■ What is being asked ■
Transcribe all of the entries below exactly. Leave out the pictures.
===== Information
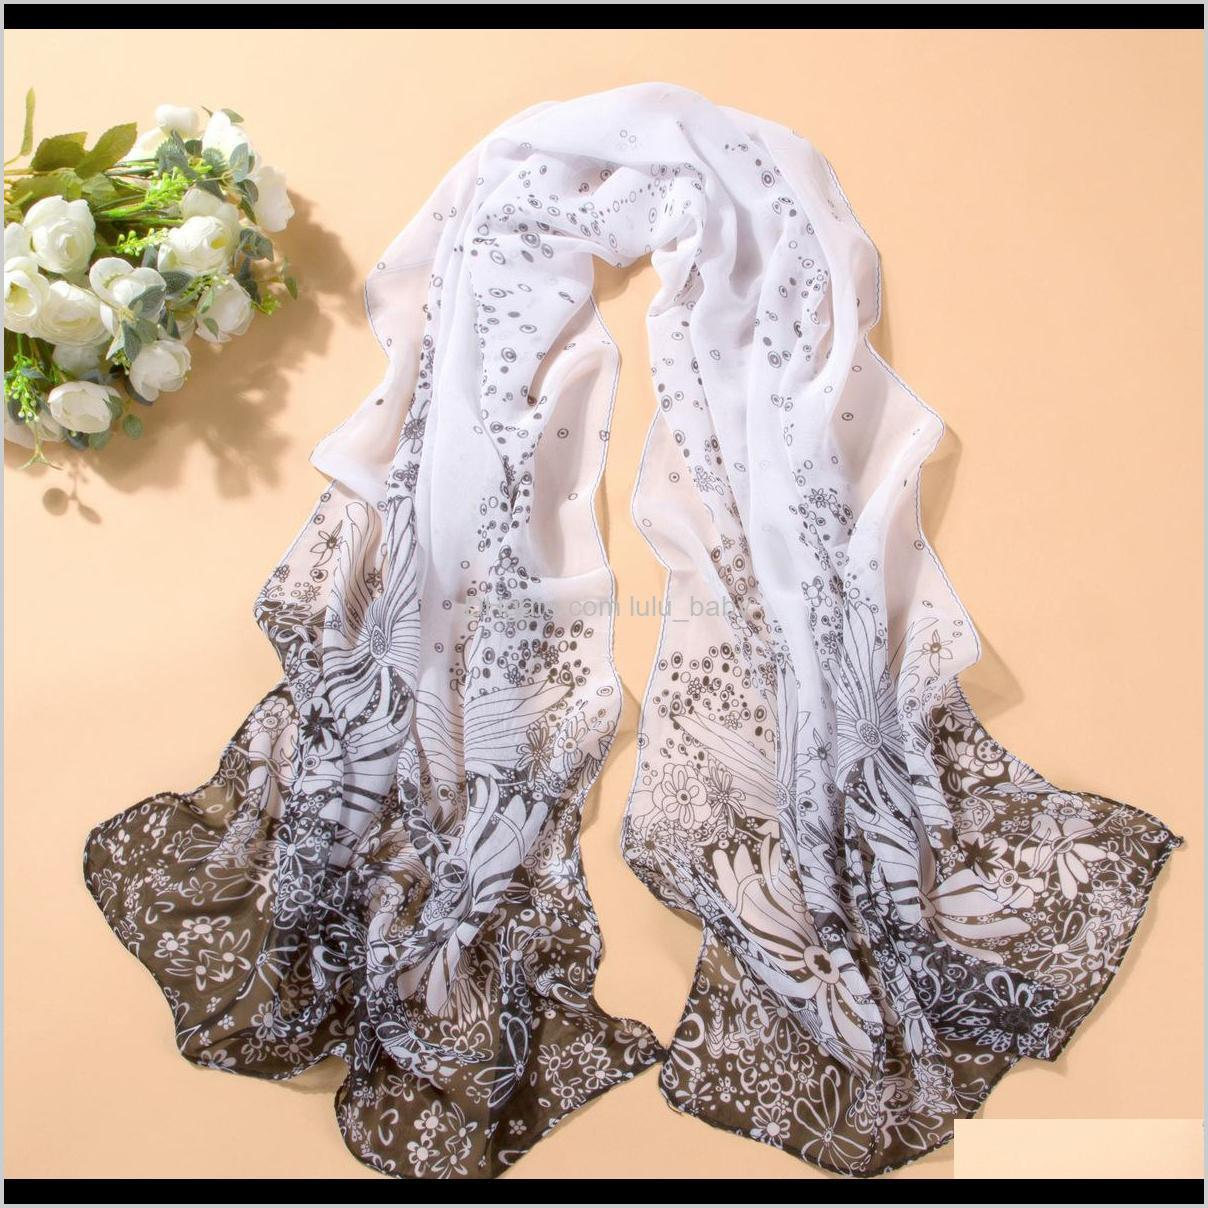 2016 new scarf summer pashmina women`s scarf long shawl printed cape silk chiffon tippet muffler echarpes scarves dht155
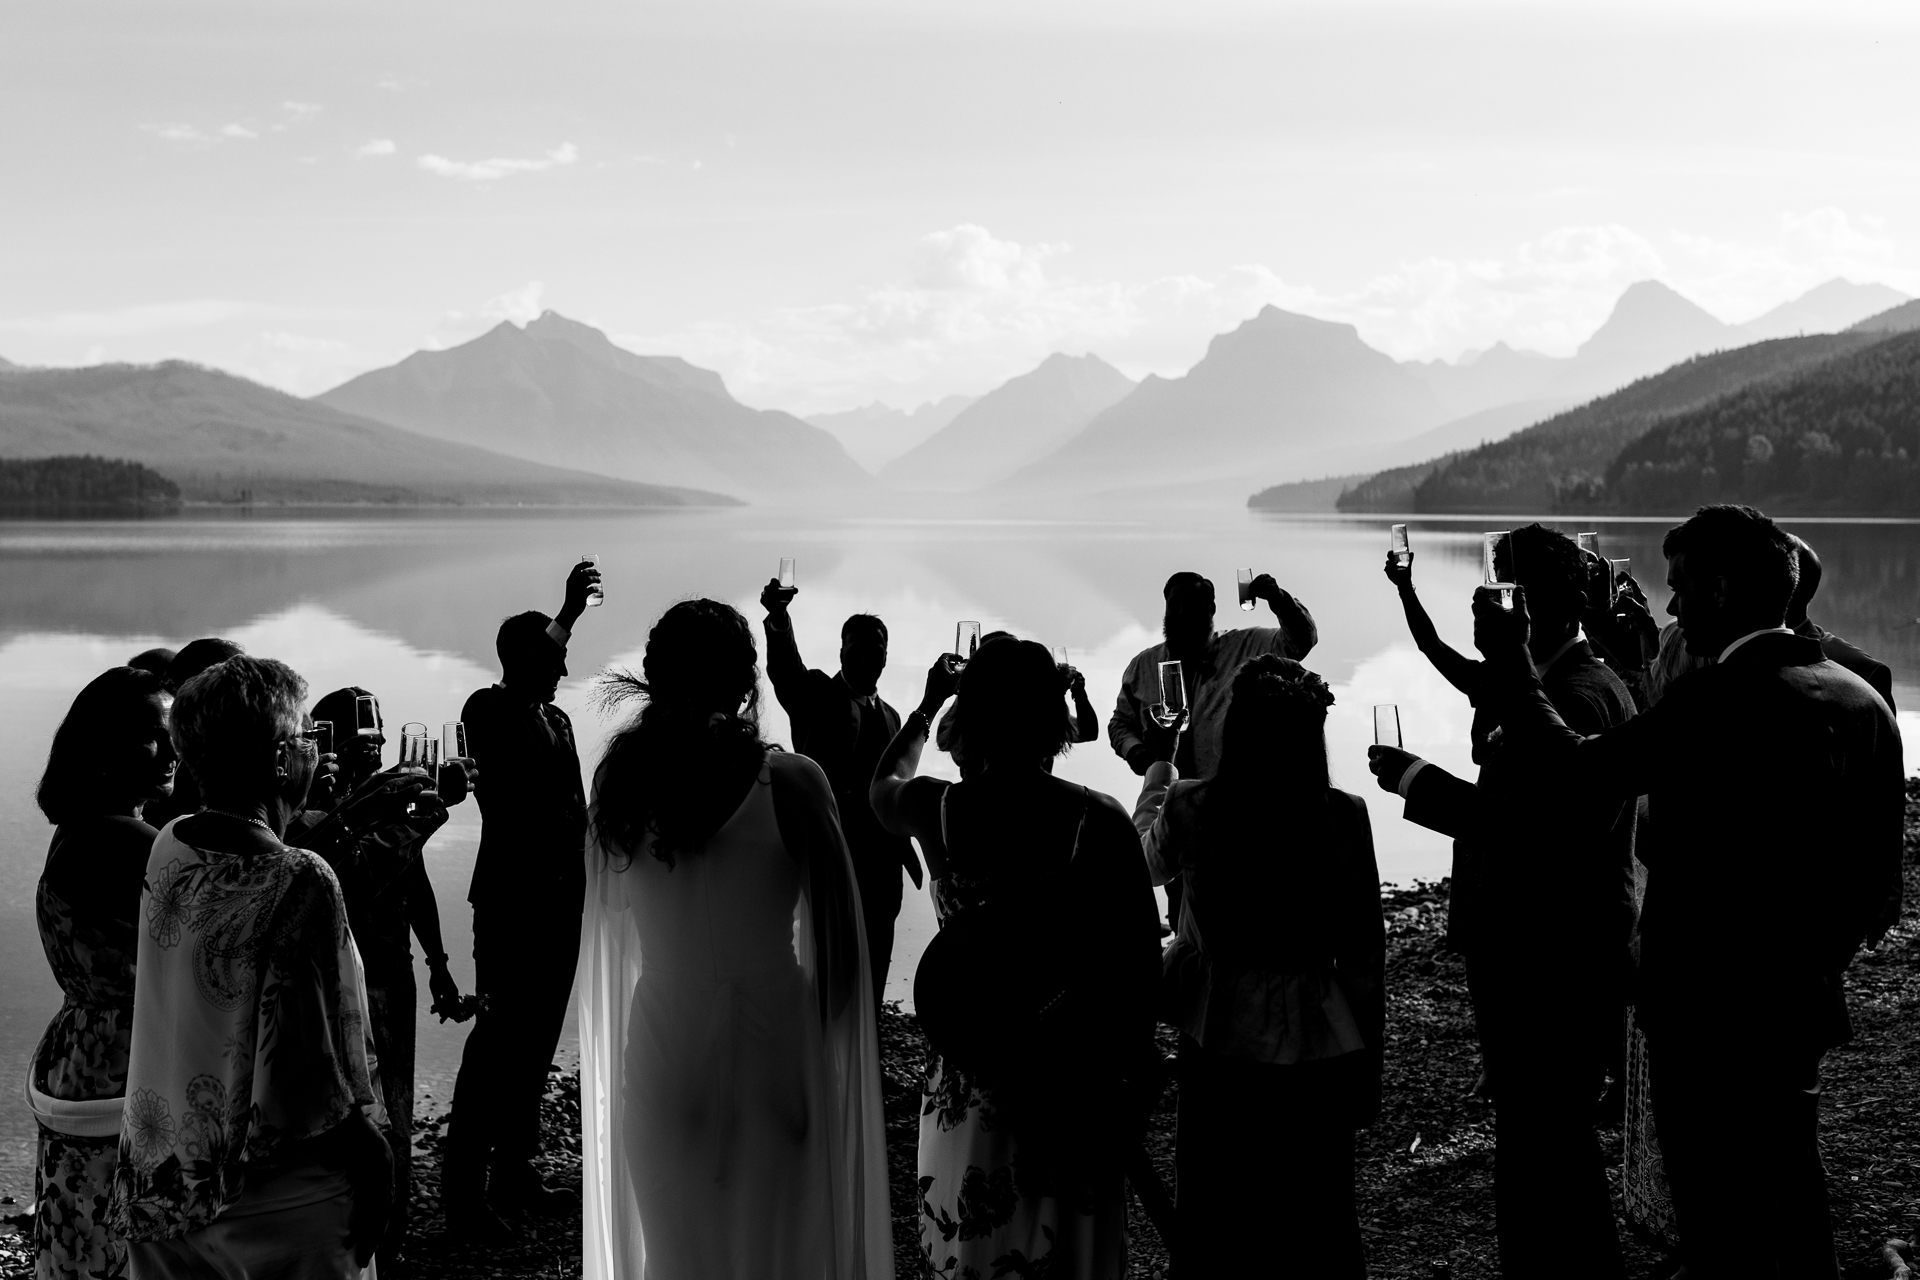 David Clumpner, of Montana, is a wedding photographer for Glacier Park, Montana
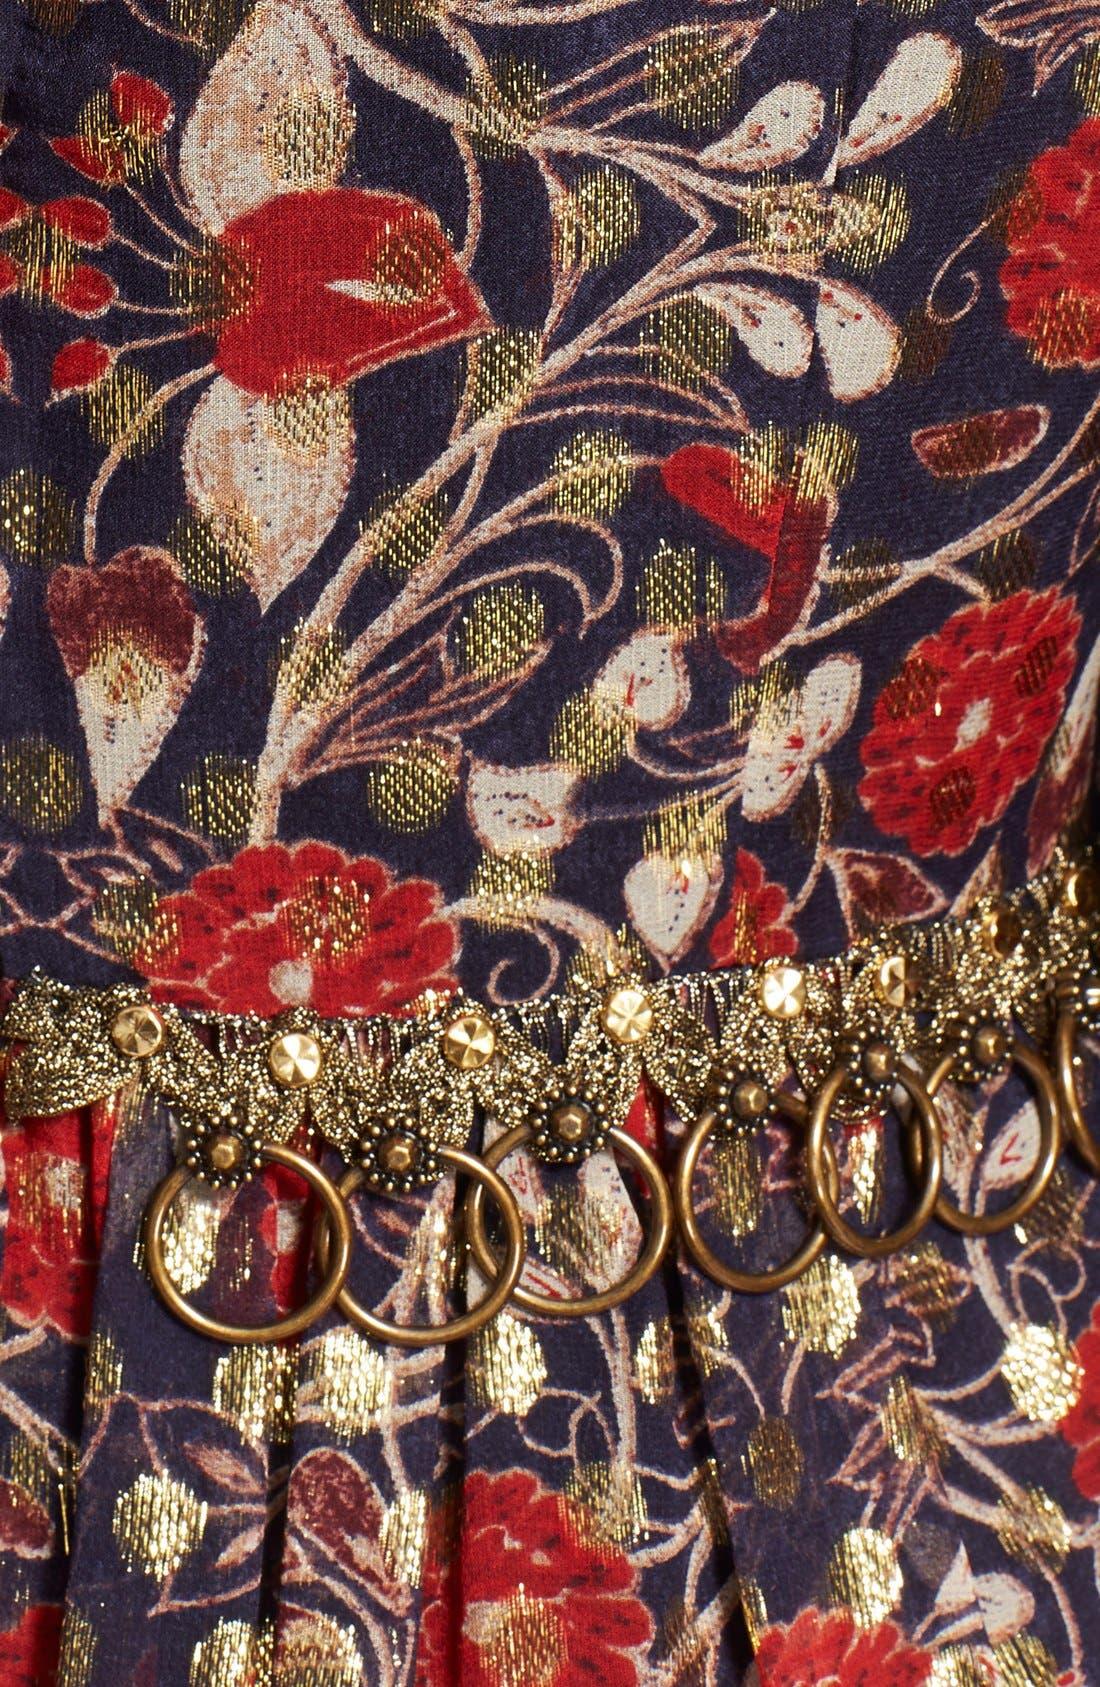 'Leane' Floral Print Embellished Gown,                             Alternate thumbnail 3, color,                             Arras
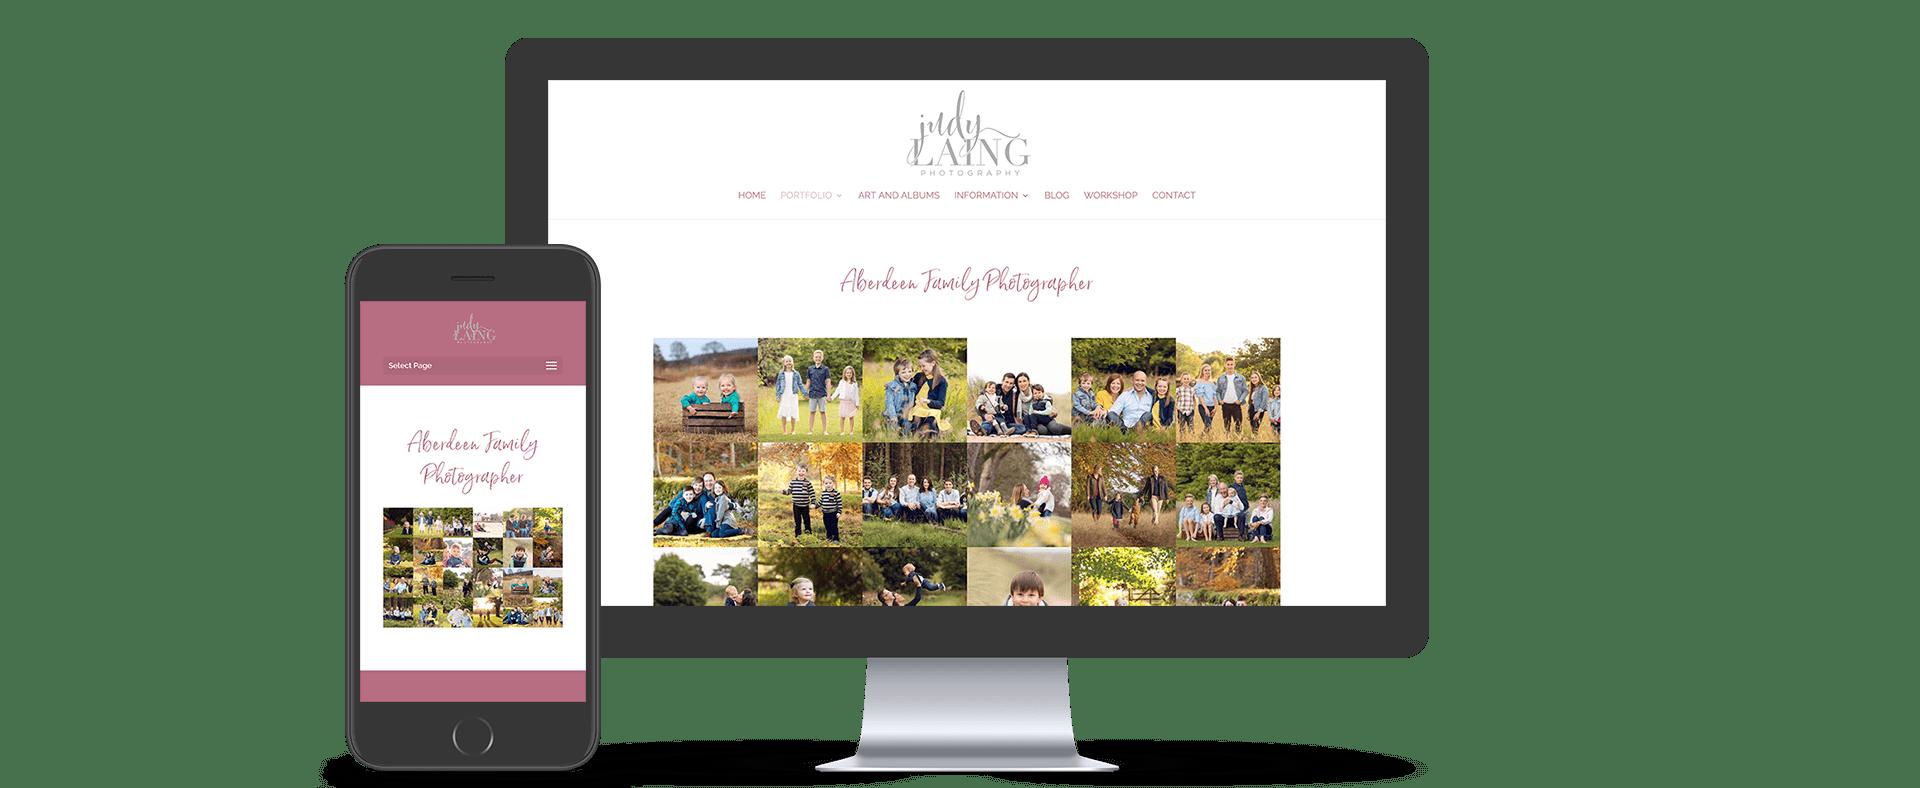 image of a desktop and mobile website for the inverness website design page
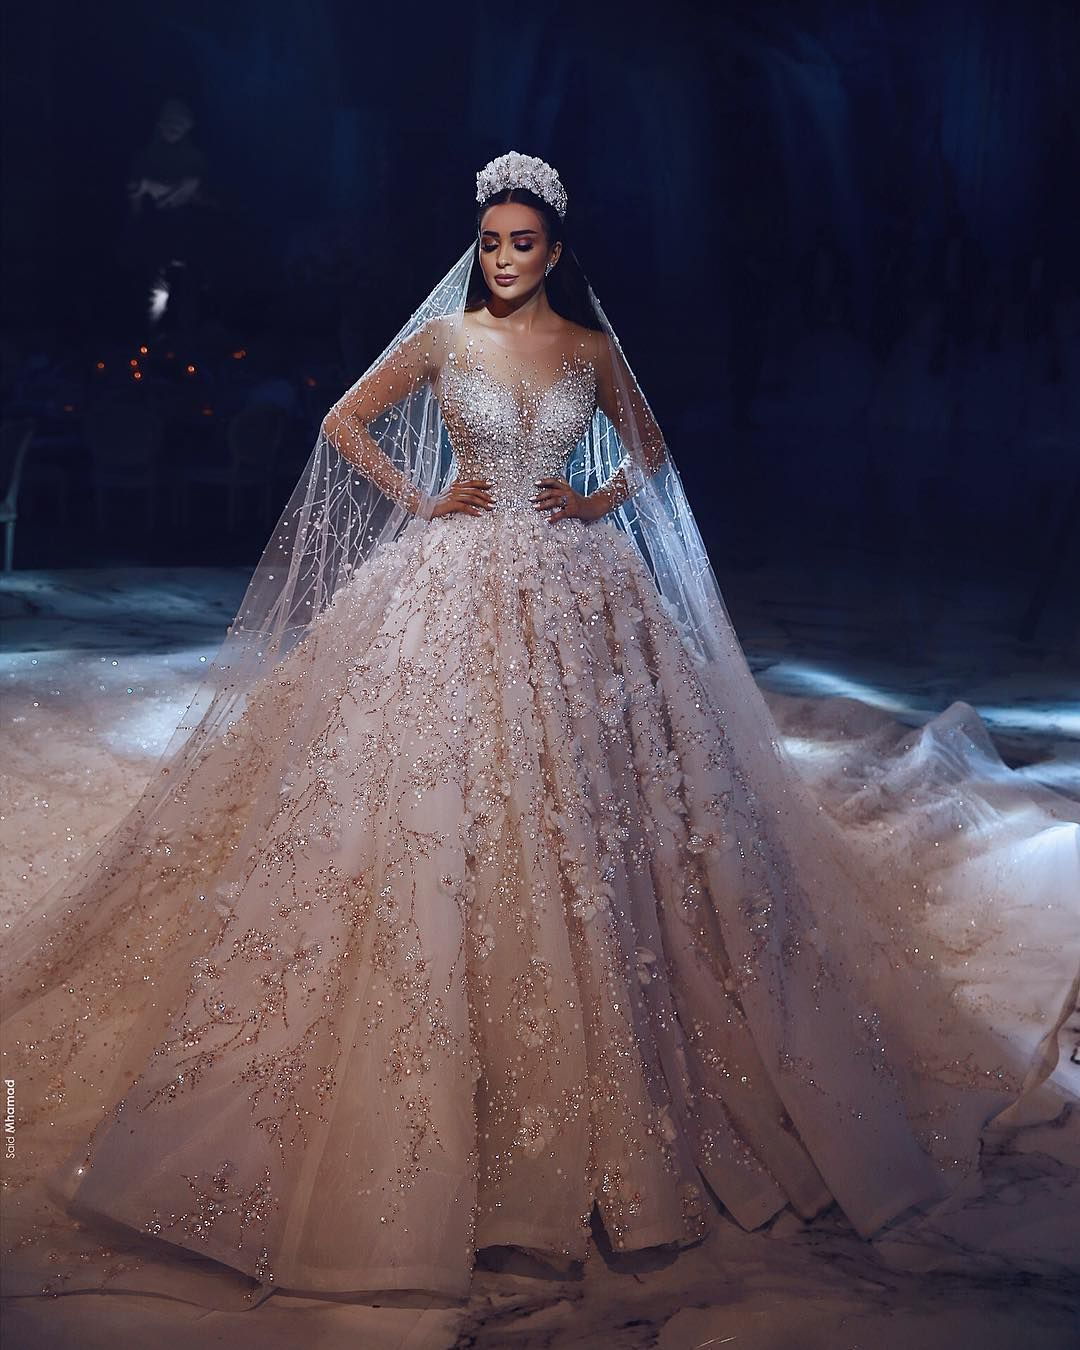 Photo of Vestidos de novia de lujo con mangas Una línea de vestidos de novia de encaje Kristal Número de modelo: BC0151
==========
■ Solution to the exercise ■
 2016 new scarf summer pashmina women`s scarf long shawl printed cape silk chiffon tippet muffler echarpes scarves dht155
 David Clumpner, of Montana, is a wedding photographer for Glacier Park, Montana
 'Leane' Floral Print Embellished Gown,                             Alternate thumbnail 3, color,                             Arras
 image of a desktop and mobile website for the inverness website design page
 Photo of Vestidos de novia de lujo con mangas Una línea de vestidos de novia de encaje Kristal Número de modelo: BC0151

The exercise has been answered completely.